The concatenation of two lists is to be performed on $O(1)$ time. Which of the following implementations of a list should be used?

  1. Singly linked list

  2. Doubly linked list

  3. Circular doubly linked list

  4. Array implementation of list

asked in DS by Veteran (52k points)
edited by | 4.5k views
the biggest advantage of the circular doubly linked list is that to reach to the last element we need not have to traverse the whole linked list, we can reach to the last element by using the prev pointer of the head in O(1) time, as it's circular.
Is it possible to concatenate using Circular Single Linked List in O(1) time?

@Harshada No, because in a circular single linked list, the last node points to the first node, but the first node does not point to the last node, so we have to traverse the entire linked list to reach the last node in O(n) time.

5 Answers

+21 votes
Best answer

Option C ( Circular Doubly linked List)

Analyze below Code which is $O(1)$

Suppose List1's first element is pointed by pointer $p1$ 

And List2's first element is pointed by $p2$

And tmp is a temporary pointer of node type.

p1->prev->next = p2 ;

tmp= p2-> prev ;

p2-> prev= p1-> prev ;

p1-> prev = tmp-> next ;

tmp -> next = p1

Option A&B of linked list are  not possible in $O(1)$. Bcz they cant find out rear element without doing linear  traversal.

For Option  D. Array implementation it requires $O(n1+n2)$ Copy operation where $n1$ represents size of List1.

answered by Boss (23.4k points) 1 flag:
✌ Edit necessary (chauhansunil20th “p1-> prev = tmp-> next ; is not correct, it should be p1-> prev = tmp;”)

edited by
Circular doubly linked list  not doubly linked list
Thanks. That was a typo. Now Corrected.
in 4th line of the code there should be

p1--->prev = temp;

is it correct?
why is p1->prev = temp -> next?

isn't temp->next pointing to p2?

so won't it be p1-> prev = temp?

(I think temp points to the last node of the second list )
+37 votes
A) & B) Here it is not possble to do it in O(1) , unless we have pointer to end of one list. As we have not given that pointer, A & B are not option.

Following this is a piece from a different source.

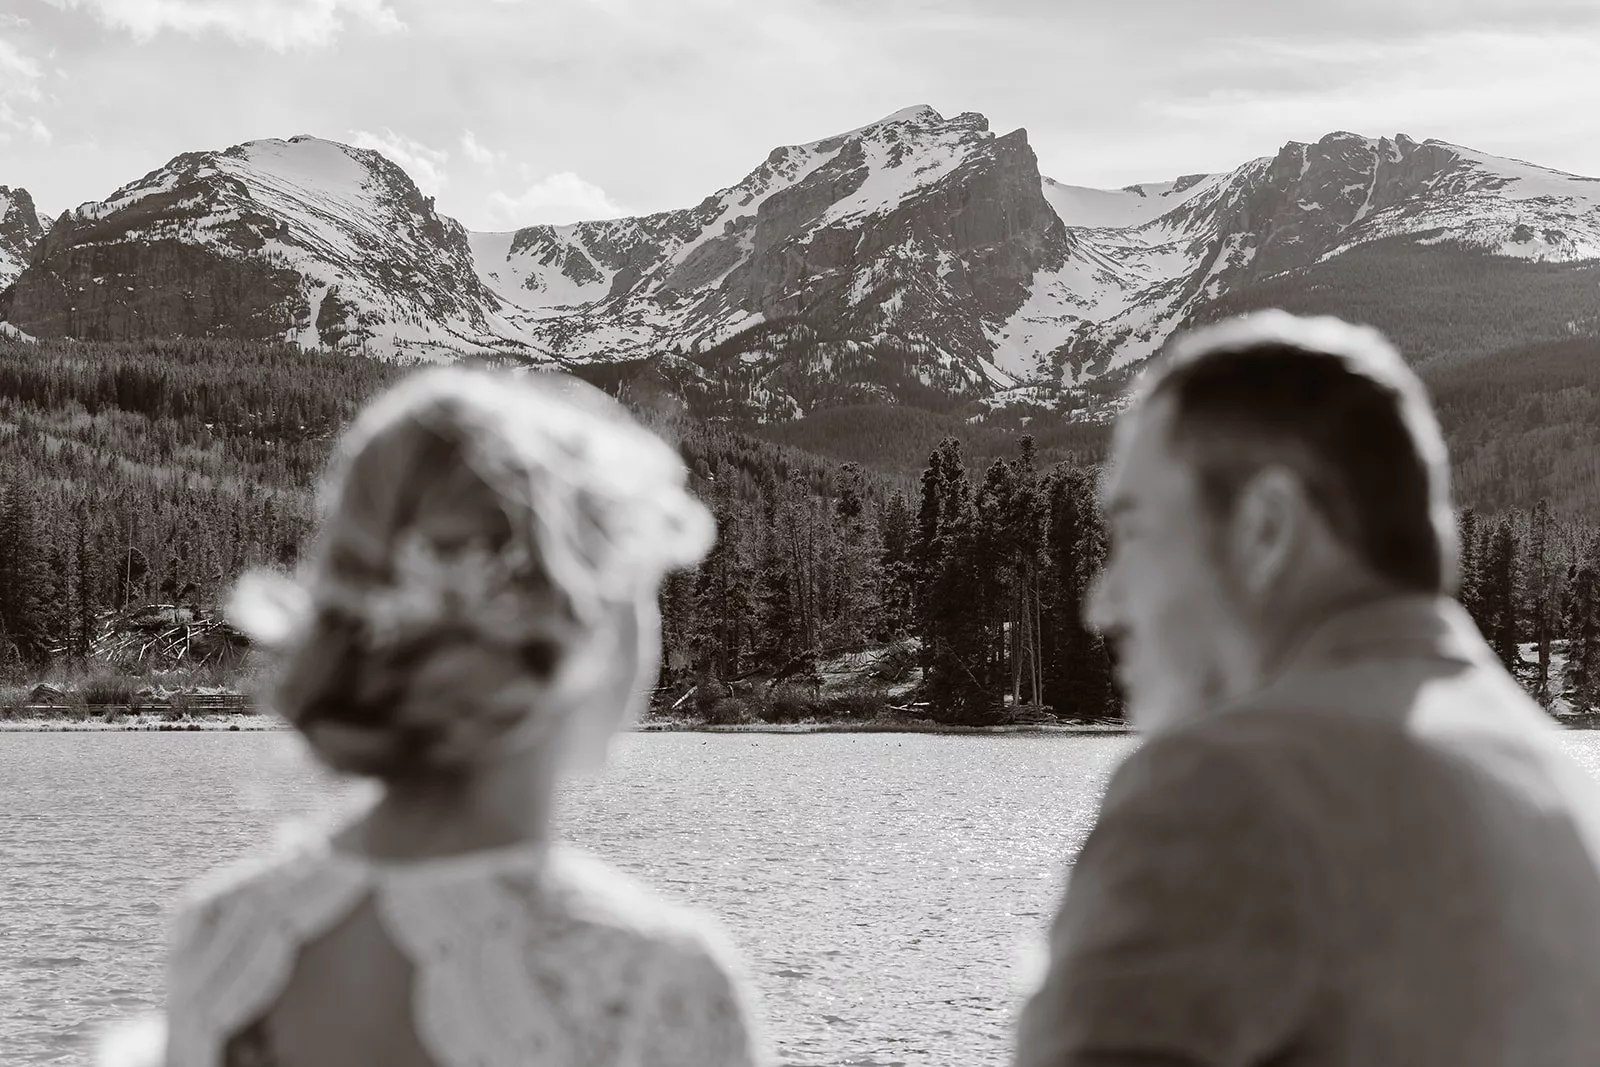 A bride and groom stare out into the mountain landscape during their elopement day, a day they planned according to their own standards.

D) It is not possible to do here in O(1), because we will need to allocate memory for bigger array to hold both list & Copy it.

C) It is possible in O(1) as we can break list at any location & connect it anywhere. We don't need to traverse to end of anything here !
answered by Boss (41k points)
Your answers are always easy to understand and to the point! Thanks :)
+9 votes
Answer is C. Since in all other options except the circular doubly linked list, we need to traverse the list to reach its end to attach the second list.
answered by (417 points)
+6 votes

Image result for circular doubly linked list

Simply Option C is right

answered by Boss (10.5k points)
+4 votes
answered by Loyal (5.6k points)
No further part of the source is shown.